So in other words, make sure you know what you want the bike for.  

I love my Rubicon 500, but if I wanted more power than that it would not be the Rincon since it is made more for riding than for work.  If I wanted _both_ riding and work it would be the Yamaha Grizzly 660.

Jim


----------



## Perry Hayes (Dec 29, 2004)

The majority of four wheelers in our hunting club are Yamaha's for some reason.I think they both will serve you well if you maintain them.I am partial to Yamaha because I have been riding and racing them since the 70's.


----------



## jrgriggs (Dec 29, 2004)

All of the 4wheelers in my club are yamaha except for one. I personly like yamaha better


----------



## Hunterrs (Dec 29, 2004)

I went to both dealerships.  It was two days before Christmas so they both were quite busy.  I didn't talk to anyone at the Yamaha place but liked the look of the Grizzly.  When I got to the Honda place I was asked what I was looking for and started to get the old high-pressure pitch.  When I told him which two brands I was looking at, he made a big deal of the fact that the Yamaha is belt driven and the Honda uses the new style torque converter transmittion.  He said that belts can wear and slip and went on and on about them.  They had a Rincon with big aftermarket tires on it and wanted $9100.00 for it.
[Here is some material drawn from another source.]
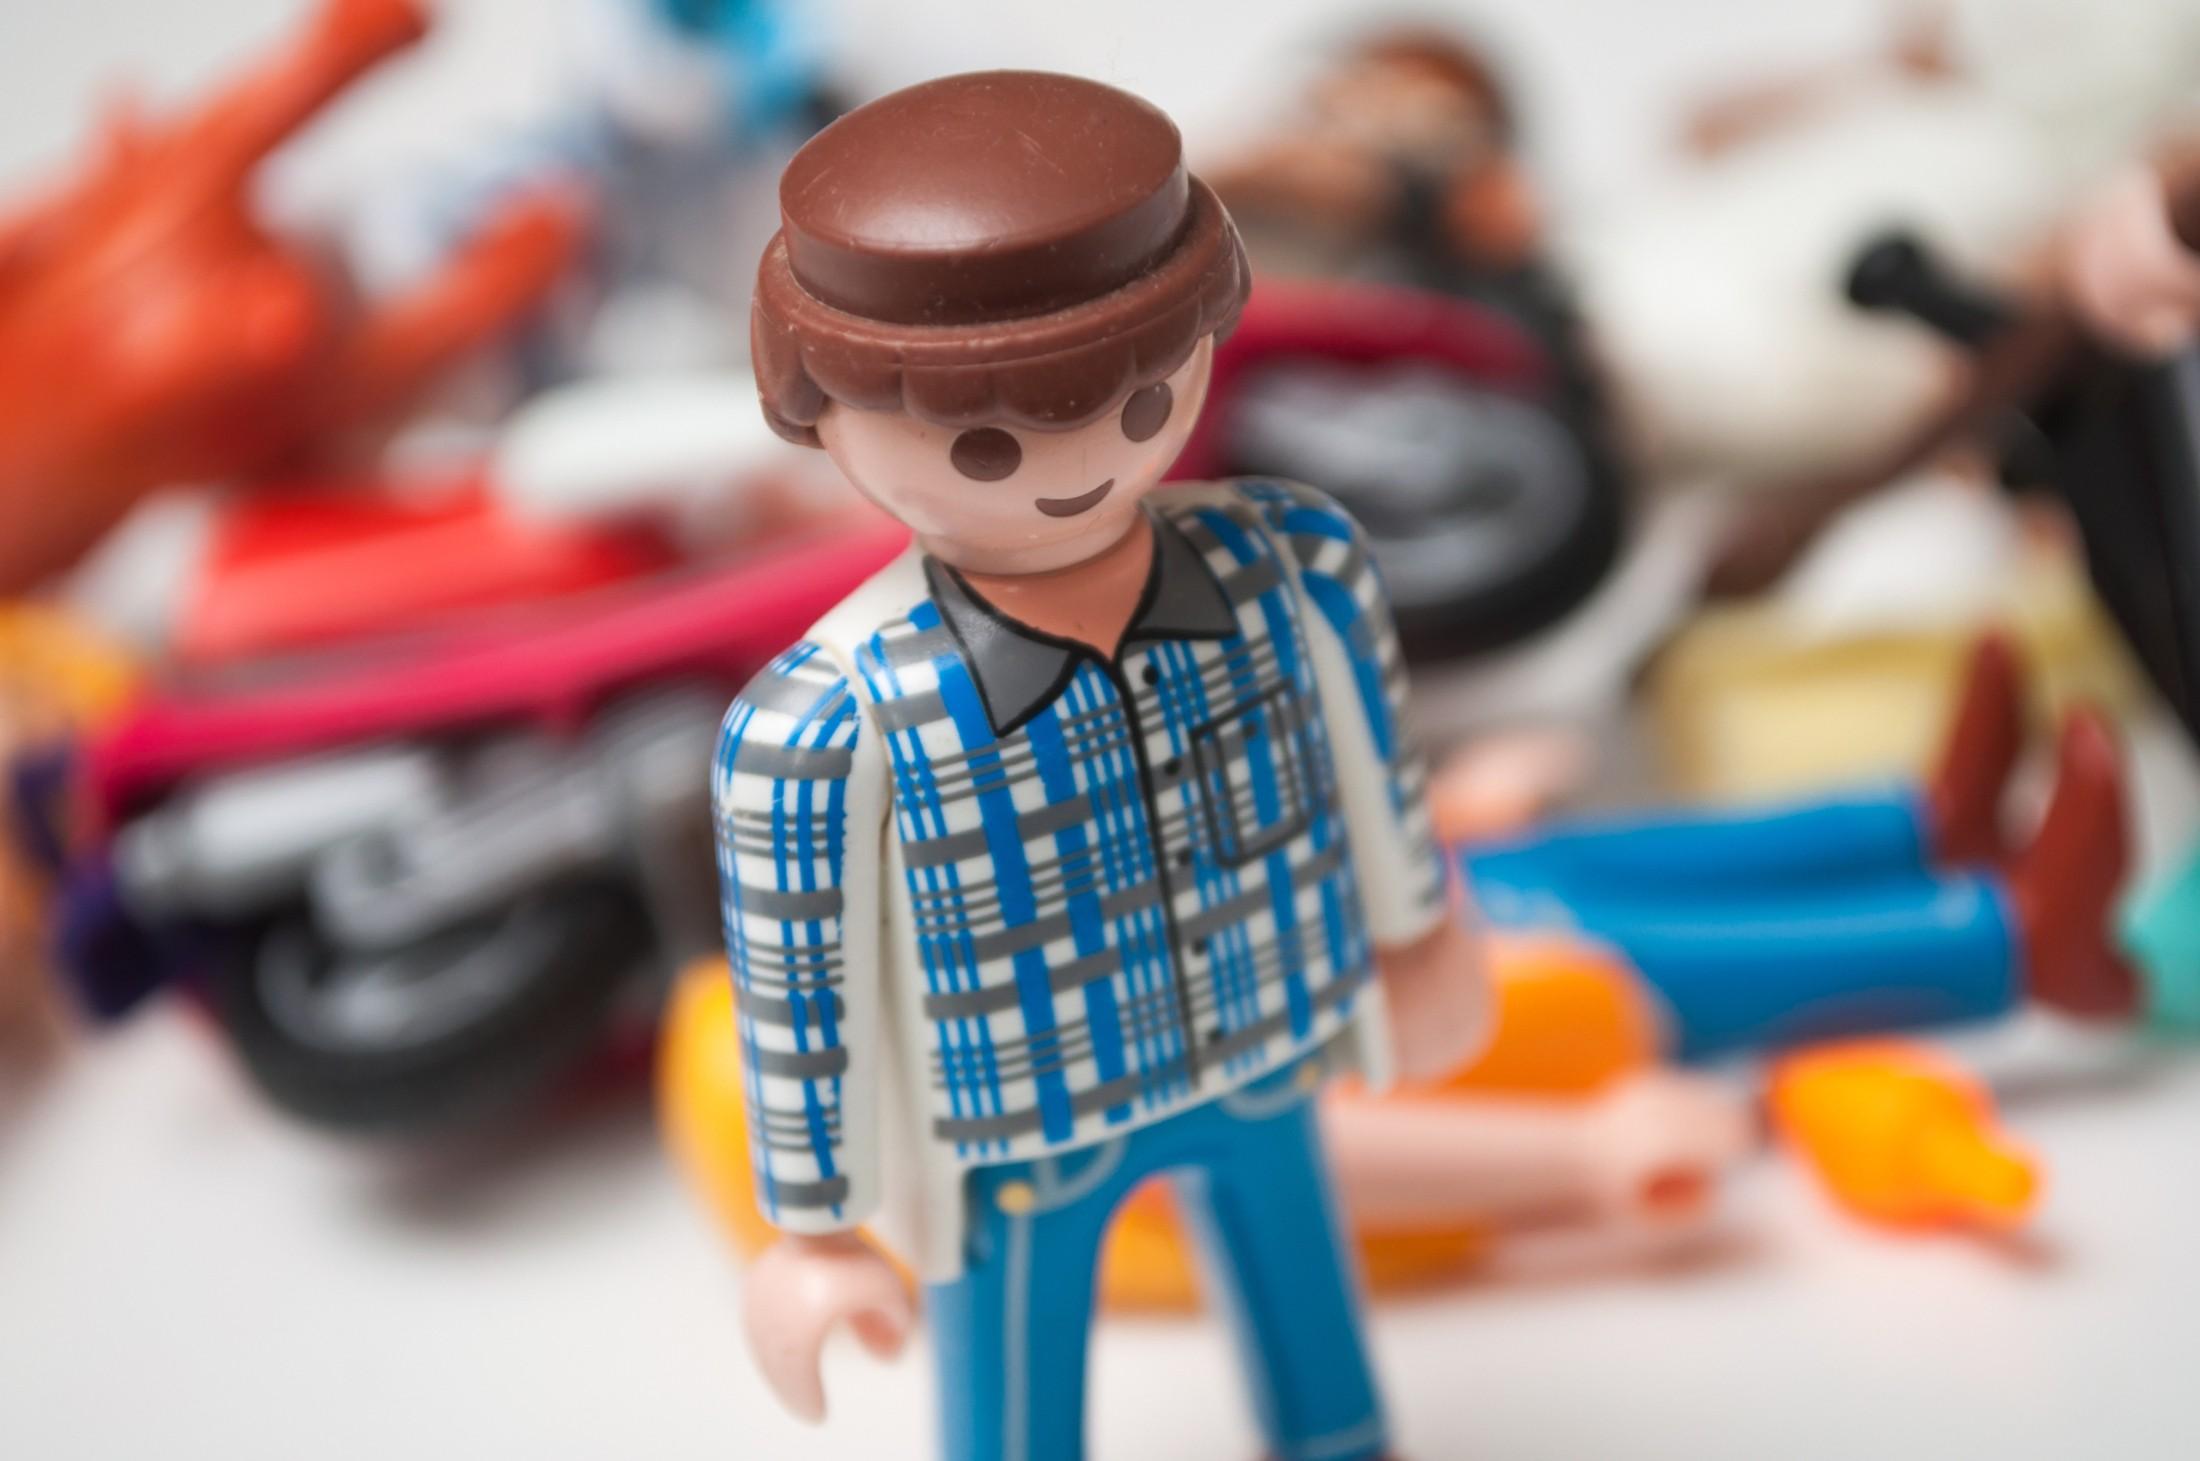 Diese Spielzeug Fakten kannten Sie noch nicht! | krone.at

Whew, I didn’t want to sell a kid to get this thing.  I know I am going to pay above $5,000.00 but that is ridiculous.  I am not planning to use this for anything other that carrying a deer out because I have a tractor.  With that said if I am going to pay the money, I might as well get one designed for work.  I appreciate all of your input on this.

Robert


----------



## Ga-Spur (Dec 29, 2004)

I have  been thinking while reading these post why don't they get a 4 wheel drive Kubota tractor ?


----------



## Jim Thompson (Dec 29, 2004)

Ga-Spur said:
			
		

> I have  been thinking while reading these post why don't they get a 4 wheel drive Kubota tractor ?



LOL Spur you know everyone needs one of them as well as a nice 800CC ATV...and a nice 4WD diesal truck etc.

Jim


----------



## bubbabuck (Dec 30, 2004)

Jim ....if you buy the Kabota I'll take care of the Diesel Truck !!!    


Which ever you  decide on ....Be sure and go to Lawrenceville Honda and Yamaha and talk to Charles Sasser....I have purchased 2 ATV's from them and the $$$$$$ savings is well worth the drive !!!!   
Just get the best price elsewhere ....then call Lawrenceville !!!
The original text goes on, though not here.